The question in short: What methods can be used to quantify distributional relationships between data when the distribution is unknown?

Now the longer story: I have a list of distributions and would like to rank them based on their similarity to a given base-line distribution. Correlation jumps into my mind in such a case and the Spearman correlation coefficient in particular given that it does not make any distributional assumptions. However, I would actually need to create the coefficient based on binned data (as this is done for histograms or densities) rather than the raw data, and I don't know if this is actually a valid step or if I am just manufacturing data.

In other words, if I have a 10000 point data set for each distribution, I would first create a binned distribution for each were each bin is of equal width and contains the frequencies of how many points each bin has. Just the way this is done for density plots or histograms. Each bin is on a discrete scale. The data is actually computer screen coordinate data and values are between 1 and 1024. Each pixel position could represent a bin (but larger bins are possible e.g. every 5 pixel being one bin). I would then compare the sequence of bins with each other rather than the raw data. The data set would look like this.

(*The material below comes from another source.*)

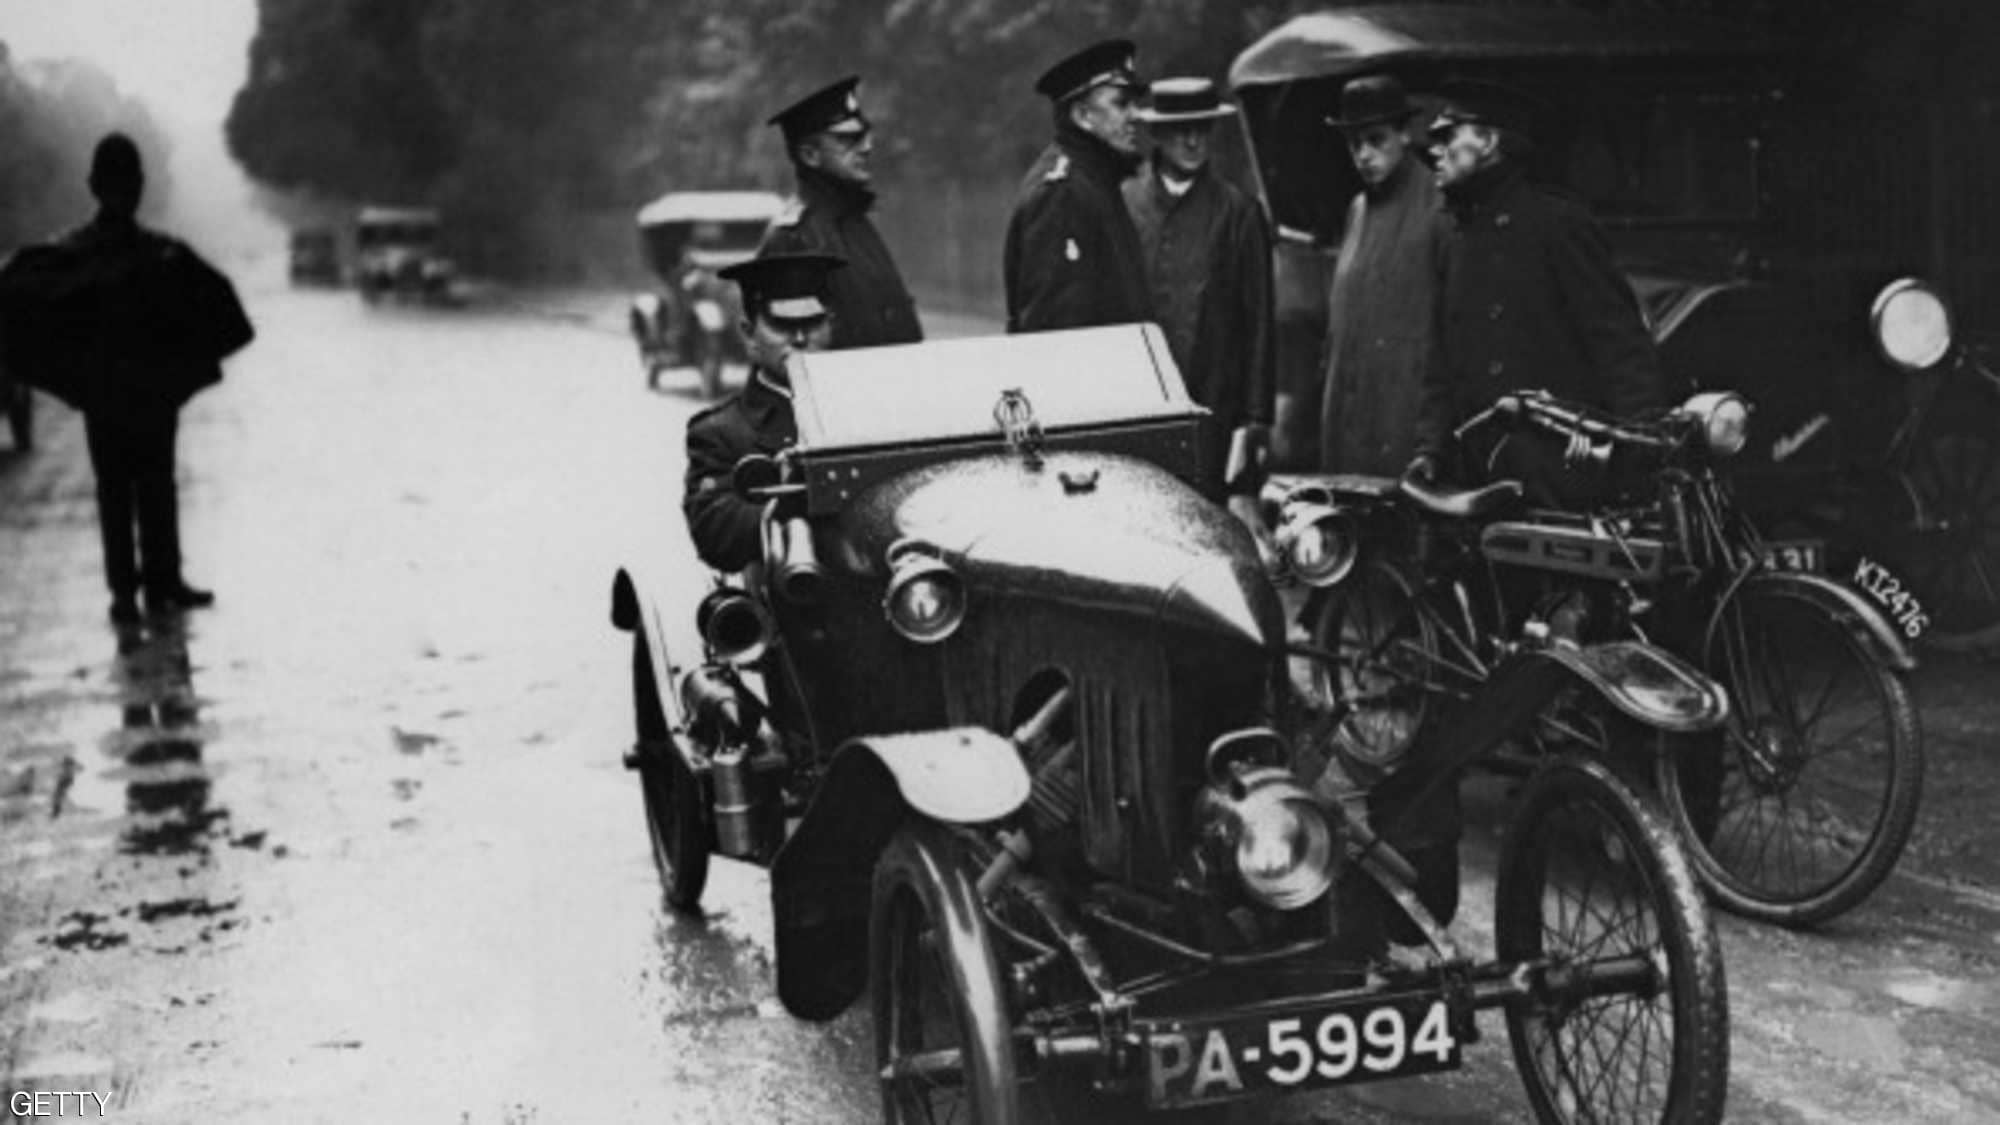 "بالصور" هذا ما بدت عليه السيارات قبل 100 عام من الآن 5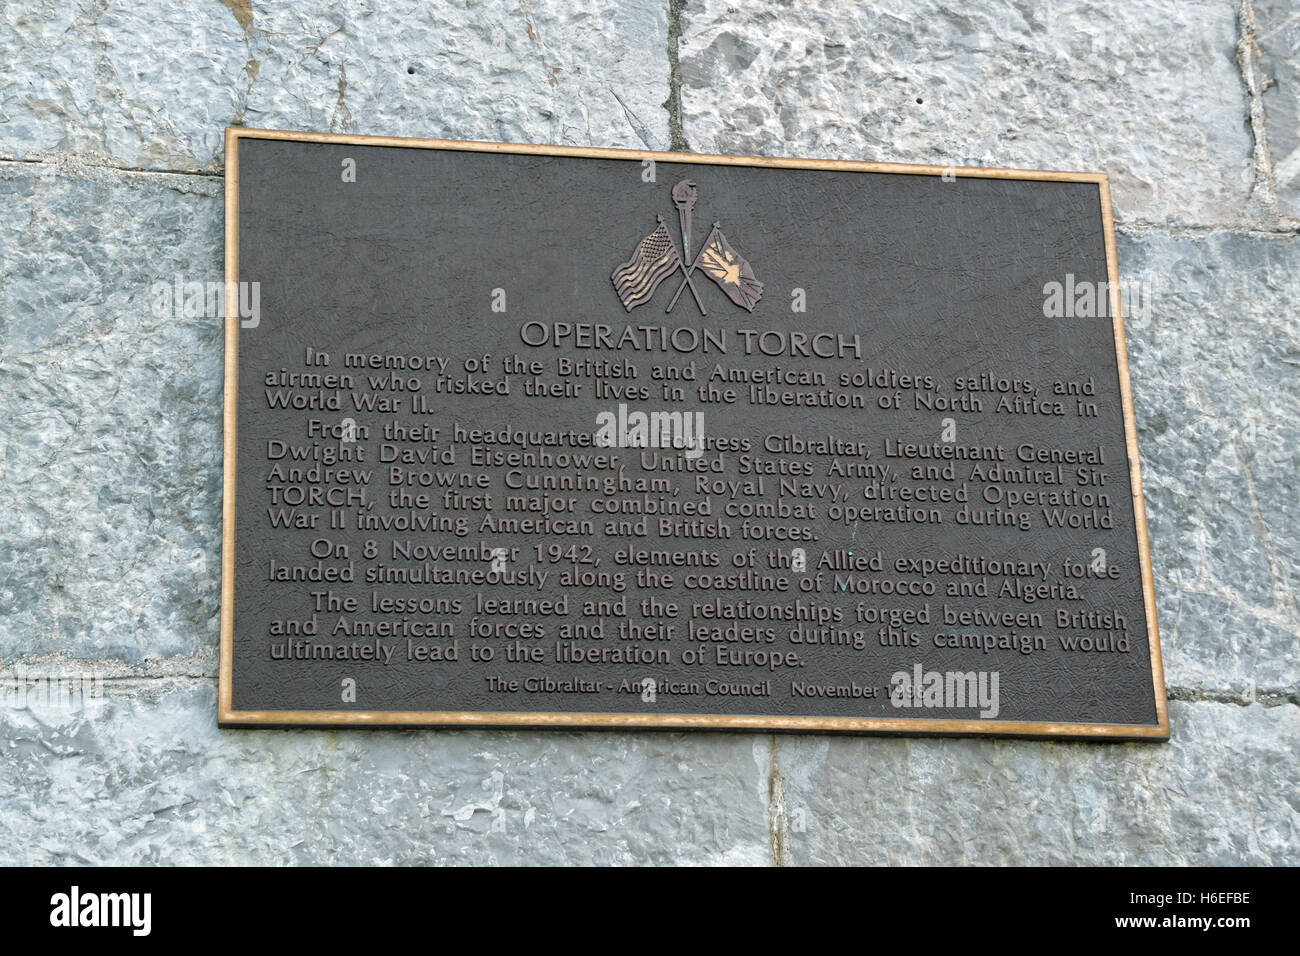 Gedenktafel neben dem amerikanischen Kriegerdenkmal Gibraltar zum Gedenken an die Operation Torch, WW2 Invasion in Nordafrika Stockfoto

bins: 1 2 3 4 .... 1024<br>
dist#base:1 2 2 3 ..... 3<br>
dist#1: 1 4 5 5 3<br>
dist#2: 2 2 3 5 6<br>
dist#1000: 1 2 4 6 6<br>

Does this make sense? Are there better ways of doing that? Are there better statistical methods? The goal of all this is to first) test how close are distributions from measure A to measure B and second) if I can predict one, if the other is missing.


4 Answers 4


I think relative distribution methods are a good candidate for the question you pose.

Since you're comparing data based on binning, this is very similar to the method of constructing a probability-probability plot. Taking it a step further, you can can actually construct a relative CDF/PDF for two distributions based on empirical data. From there, you can apply graphical and statistical techniques to explore the relative differences and perform inference on the relative distribution.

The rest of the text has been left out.